Despite these regulatory benefits, self funding of healthcare plans is much riskier for small firms than large companies. Small firms do not have the diversified employee base or financial resources of large companies to absorb substantial overruns in healthcare expenses.  Therefore, most small firms hire brokers to find stop-loss insurance limiting their potential losses.

Small firms buy stop loss insurance from a handful of large reinsurers.  These large reinsurers assess the healthcare situation of a small firm before offering a stop loss policy with an annual premium and a deductible. However, these large reinsurers do not usually ask a small firm to adopt new measures to constrain healthcare costs. If a reinsurer believes that a small firm has an expensive healthcare plan, the reinsurer will charge a higher premium with a higher deductible.

Furthermore, stop loss insurance is not protected by the guarantee issue and renewal provisions of the ACA, which apply to traditional healthcare policies.  Since stop loss policies are issued on an annual basis without any guaranteed renewal, an unexpected rise in the healthcare costs at a small firm can lead to much higher premiums the next year or outright cancellation of the stop loss policy.

A shift to self funding may also lead to adverse selection in the broader insurance market for small groups.

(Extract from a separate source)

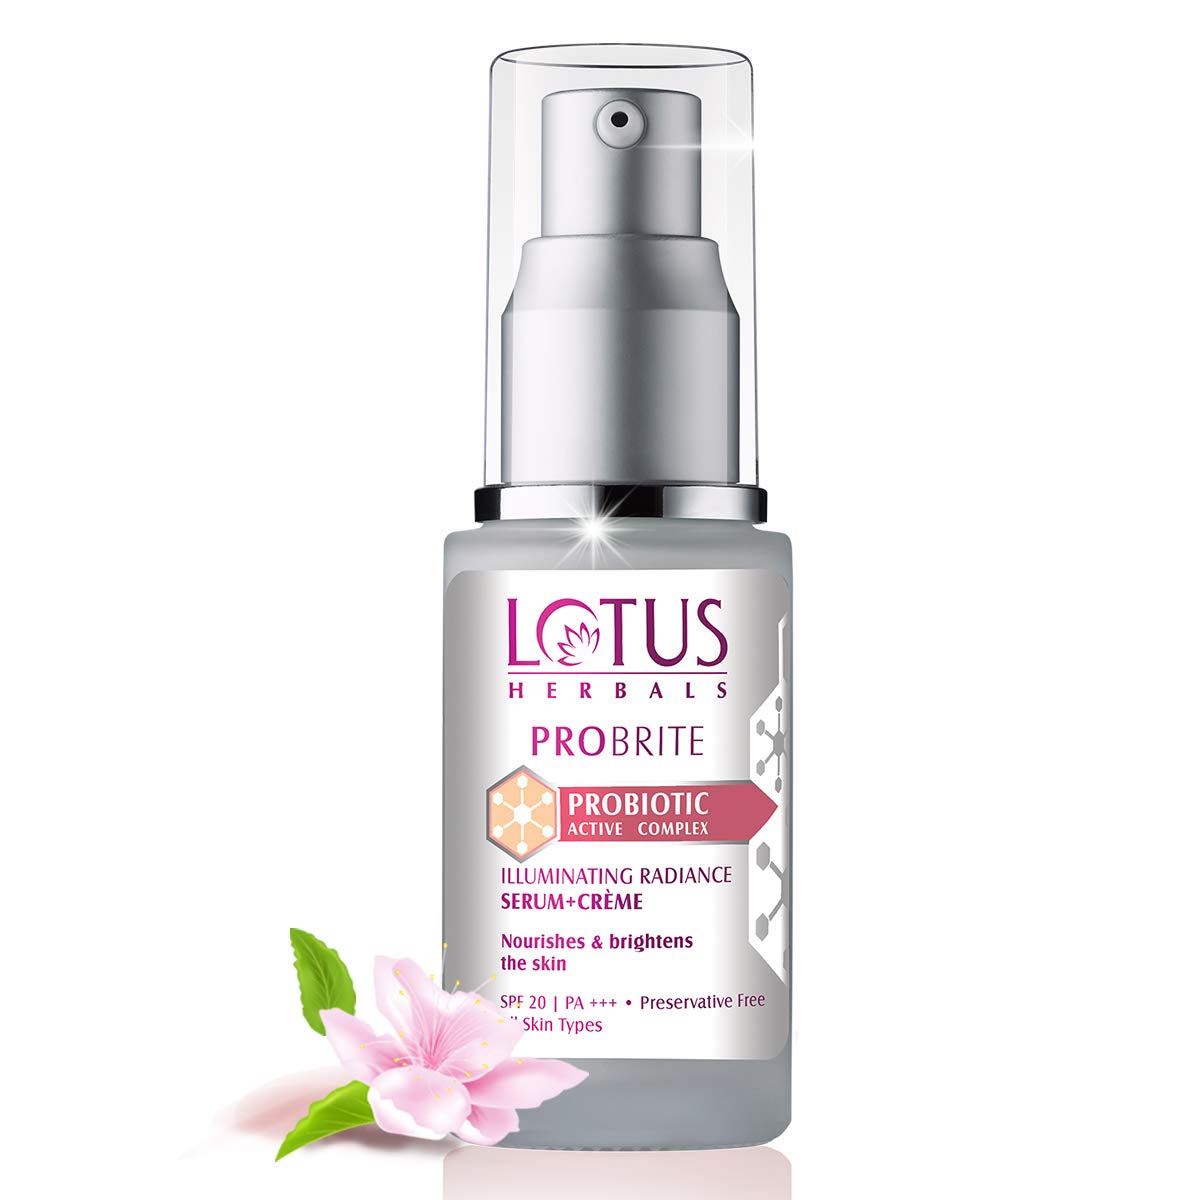 Lotus Herbals Probrite Probiotic Active Complex Illuminating Radiance Serum + Creme (30 ml) Lotus Herbals

Firms with younger and healthier workers would likely self fund, while the traditional group market would cover mainly firms with older and less healthy employees.

A widespread increase in self funding would be particularly damaging to the Small Business Health Option (SHOP) exchanges, created by the ACA to provide lower cost policies to small businesses. SHOPs are now operating in most states for firms under 50 FTEs, and their reach may be extended by states in 2016 to firms with 50 to 100 FTEs.

However, without enough healthy employees in their risk pools, the cost of SHOP policies could rise sharply. Although firms with 25 or fewer FTEs are eligible for modest tax credits if they purchase healthcare policies through SHOPs, these credits will expire after 2015.

What can be done to address the risks of increased self funding to Small Firms and to the insurance market for small groups? It is not politically feasible for Congress to pass amendments to ACA that would limit self funding of healthcare plans by small firms.

Under ERISA, states are not permitted to regulate healthcare plans of employers. By contrast, under ERISA, states do retain the power to regulate stop loss insurers. Some states have prohibited stop loss insurers from offering policies to Small Firms; others have banned stop loss policies with very low deductibles.

Under state laws, all stop loss insurers should be required to send to all small firms with self funded healthcare plans a written notice at least 90 days before materially changing a stop loss policy – canceling, not renewing or substantially increasing premiums. These 90 days would allow small firms to find another stop loss insurer or purchase traditional insurance for their healthcare plan.

In theory, small firms could be steered away from self funded plans by SHOP exchanges with attractive group policies. In practice, the deck is stacked against SHOPs. At the very least, the current tax credits available to very small employers for using SHOPs should be made permanent.

In short, the potential for limited the risks of self funding by small firms is heavily constrained by legal and political realities.